The scientific debate over whether vaccines can cause autism spectrum disorder is over. Vaccines save lives, and there is no evidence they cause autism.
THE hope, love and anxiety that welcomes a baby into the world is a familiar story experienced by every generation. Our grandparents may have feared their baby would die of a childhood disease that is now preventable. Mothers and fathers today have a particularly modern fear that their parents probably never considered: Will my baby have autism?
Current estimates are that the parents of one in 68 infants will discover, in the first few years of life, differences in their child’s development that signify the early signs of autism spectrum disorder (ASD). The symptoms — challenges with communication, poor social engagement with people, unusual interests or repetitive movements — emerge at the same time new parents are learning to navigate the unfamiliar territory of caring for a young child. Parents may feel overwhelmed, sifting through piles of contradictory advice to ensure they have the most up-to-date information available to raise a healthy, happy child.
However, some decisions a new parent faces should not be difficult:
Autism and vaccines
• We know beyond a doubt that immunizations prevent serious, even fatal, childhood illnesses.
• There is no scientific evidence that immunizations cause autism.
Measles, a serious disease that can cause hearing loss and swelling of the brain that leads to intellectual disability, is still a primary cause of vaccine-preventable death for children in many parts of the world. Before 1963, measles used to affect 3 million to 4 million U.S. children every year. By the year 2000, measles was considered eradicated in our country — a true public-health victory.
Measles outbreaks are recurring throughout the U.S. This year the Centers for Disease Control and Prevention reported the highest number of mumps cases in 10 years. More than 400 people in Washington state contracted the illness, including an outbreak among University of Washington students.
A similar story can be told for mumps, polio and a host of other diseases that used to be common, used to cause lifelong disability and even death, and were largely eliminated in the United States due to childhood immunizations. But as memories of these illnesses fade, along with the fear they caused new parents, this victory is at risk as some parents elect not to immunize their babies.
To be clear, there is no current scientific debate about whether vaccines cause autism. Study after high-quality study — carefully conducted and peer-reviewed — has provided overwhelming scientific evidence that there is no link between childhood immunizations and autism.
However, misinformation about a purported link continues to circulate. A Somali immigrant community in Minnesota fell prey to this misinformation, and many of these families refused the vaccine. This spring, the community was hit by the largest outbreak of measles in 30 years that mostly affected unvaccinated children, many of whom had to be hospitalized.
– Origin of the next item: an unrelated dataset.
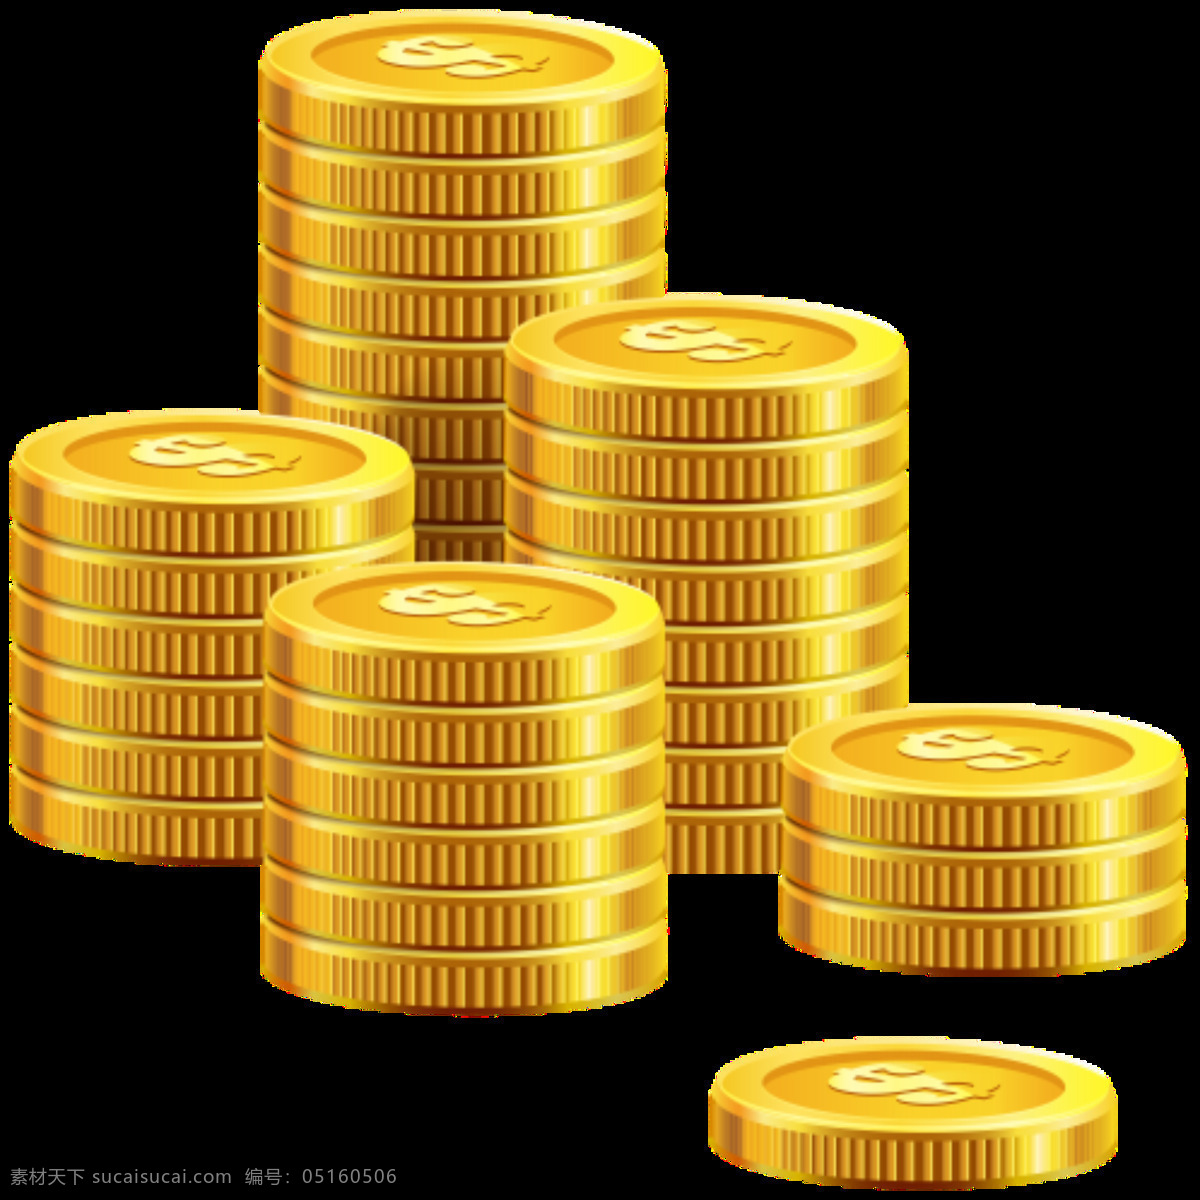 古代钱币 货币素材 金色 卡通金币 设计元素 高度 不一 的卡 通 金币 图案 元素

Minnesota health officials link this outbreak to decreasing immunization rates, from 92 percent of the Somali community in 2004 to about 42 percent today. And what contributed to this decline is a fear among new parents that vaccines cause autism.
Nearly 20 years ago, British researchers linked the MMR vaccine to autism in a study, since widely discredited and attributed to false data. The question itself — “Do immunizations cause autism?” — was well suited to be addressed by science.
The question of a possible link mobilized significant public resources to fund scientific studies. The question has been put to rest — at least as far as scientists are concerned.
Scientific facts are not the only driving force in decision-making. As a society, we must be able to find common ground to talk with each other, agree on what we know and don’t know, and at the same time listen to the fears and experiences of new parents and those who have chosen not to immunize their children.
Scientists and clinicians must be there for parents of children with ASD who are asking a legitimate question: Why did this happen to my child? And even though we understand that ASD is related to a complex interplay between genes, brain and development, for the majority of individuals with ASD, we cannot yet specify the exact cause of their autism, leaving parents to search for the answers.
The autism community I know is like a small town. Clinicians and scientists who spend our lives working to develop evidence-based interventions and searching for causes that can be scientifically verified work beside community members who believe that immunizations cause autism. We disagree on this point, often passionately, but the passion that brings us together is stronger — we love our children, we want to live in an inclusive society, we want all children to get the best care we can give them, and we know that we need each other to find our way.
The autism community faces many pressing issues, while our society as a whole faces legitimate debates in the arenas of child health and education. Many of these questions cannot be answered easily or definitively by scientific inquiry. For example, how can we find a way to talk about immunizations and autism without deepening the polarization in our society? How can we avoid pushing each other into an “us”-versus-“them” argument and build a bridge between the “knowers” and the “believers”? How can we address the perceived chasm between “ivory tower” scientists and the “real people” on the street? We have to inspire a dialogue.
There are certainly many individuals and groups who are not having a conversation. Somewhere the basic elements necessary — mutual respect and trust — may have been lost, or perhaps the “echo chamber” that has developed in the age of social media, in which people consume news that meets only their views, is to blame.
But in this, as in so many other arenas today, we must urgently find a way out of our impasse and rediscover the connections between us so that every child with autism has access to high-quality intervention and can reach his or her full potential.